What is the prospect of physical theatre in the development of corporeal skills regarding the performer’s motoric and energetic body? What are the major ethical issues related to training techniques (including the master’s temptation to manipulate his/her students, physical and mental nakedness abuse, various forms of violence)?
What are the challenges of interaction of human performers, non-human agents (e.g. puppets, robots, cyborgs), live performance and digital technology (motion capture, VR, etc.)? How do these interactions affect hybrid behavioural repertoires, performance expressions and the basic definition of the conditio humana? Are there any grounds for general fear of theatre’s and live performance’s erasure or even extinction in a digital-only environment? We welcome different approaches and perspectives and therefore encourage submissions from various disciplines. The working language of the conference will be English (20-minute papers). The organisers of the conference aim to publish selected papers in a peer-reviewed journal.
Invited keynote speakers
Submissions Abstracts (up to 300 words) and biographical notes including the author’s affiliation and e-mail address should be sent to email@example.com.

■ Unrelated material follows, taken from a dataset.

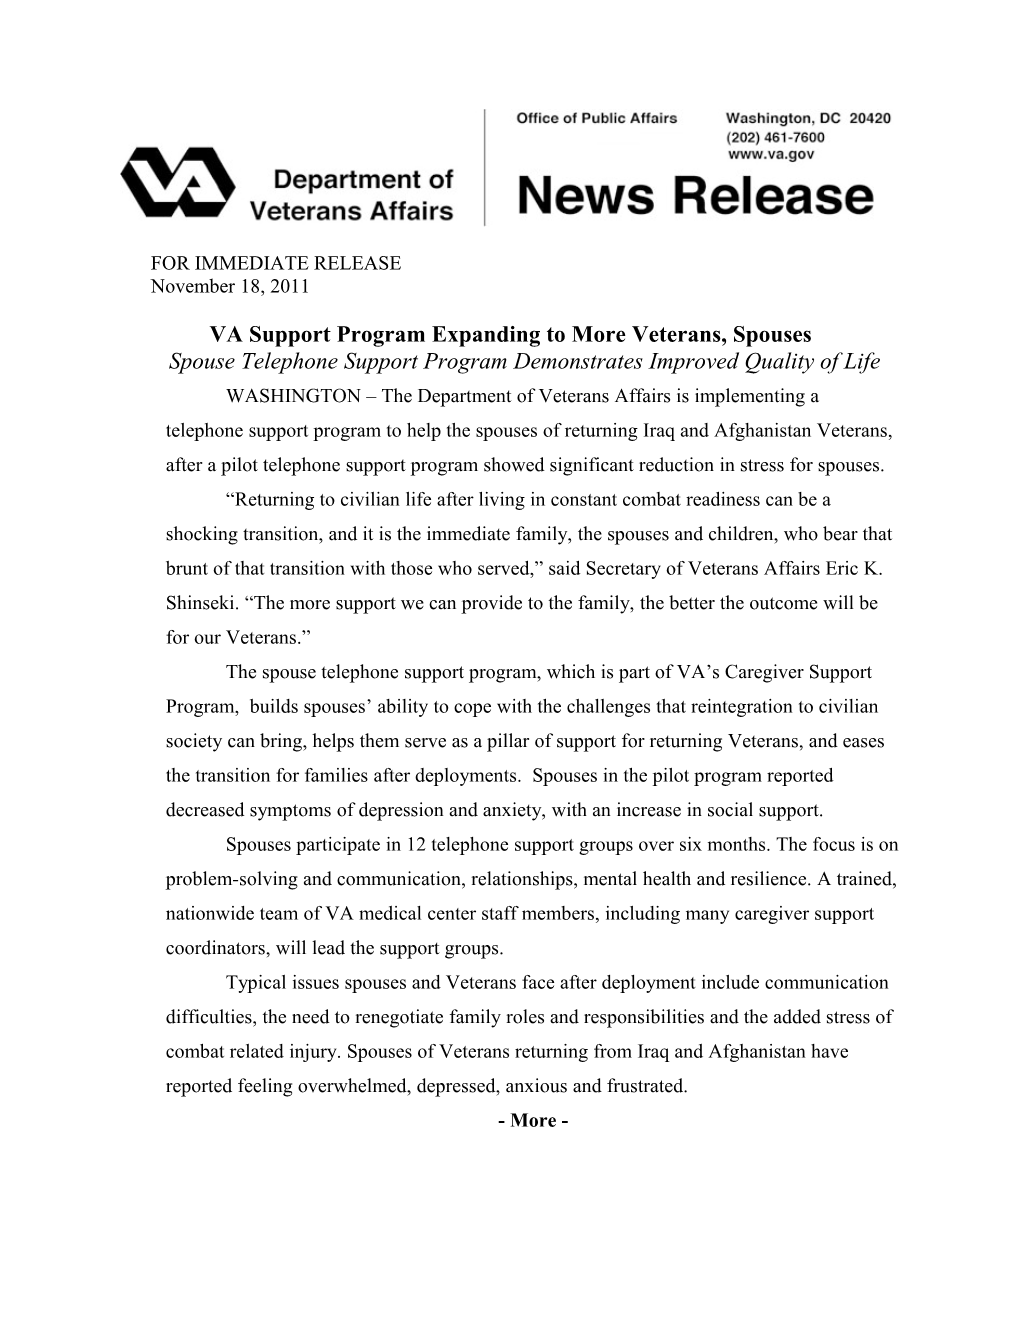 VA Support Program Expanding to More Veterans, Spouses

Application deadline 30 June 2021
Acceptance notifications 31 July 2021
Conference fee 400 PLN/90 EUR/90 USD, Ph.D. students 200 PLN/45 EUR/45 USD
Prof Artur Duda, Marzenna Wisniewska, Ph.D. (Institute of Culture Studies, Nicolaus Copernicus University, Torun) Maciej Szatkowski, Ph.D. (Centre for Chinese Language and Culture, Nicolaus Copernicus University, Torun) Jaroslaw Fret, Monika Blige (Director and Deputy Director of the Grotowski Institute, Wroclaw) Nikodem Karolak (Bridges Foundation)
Andrea Guzlecka and Jakub Stankiewicz, e-mail firstname.lastname@example.org
The conference will be hosted online by the Faculty of Humanities of the Nicolaus Copernicus University, Torun, Poland. Unregistered viewers will have direct access to a live feed, subject to platform limitations.
The conference is part of the InlanDimensions International Arts Festival.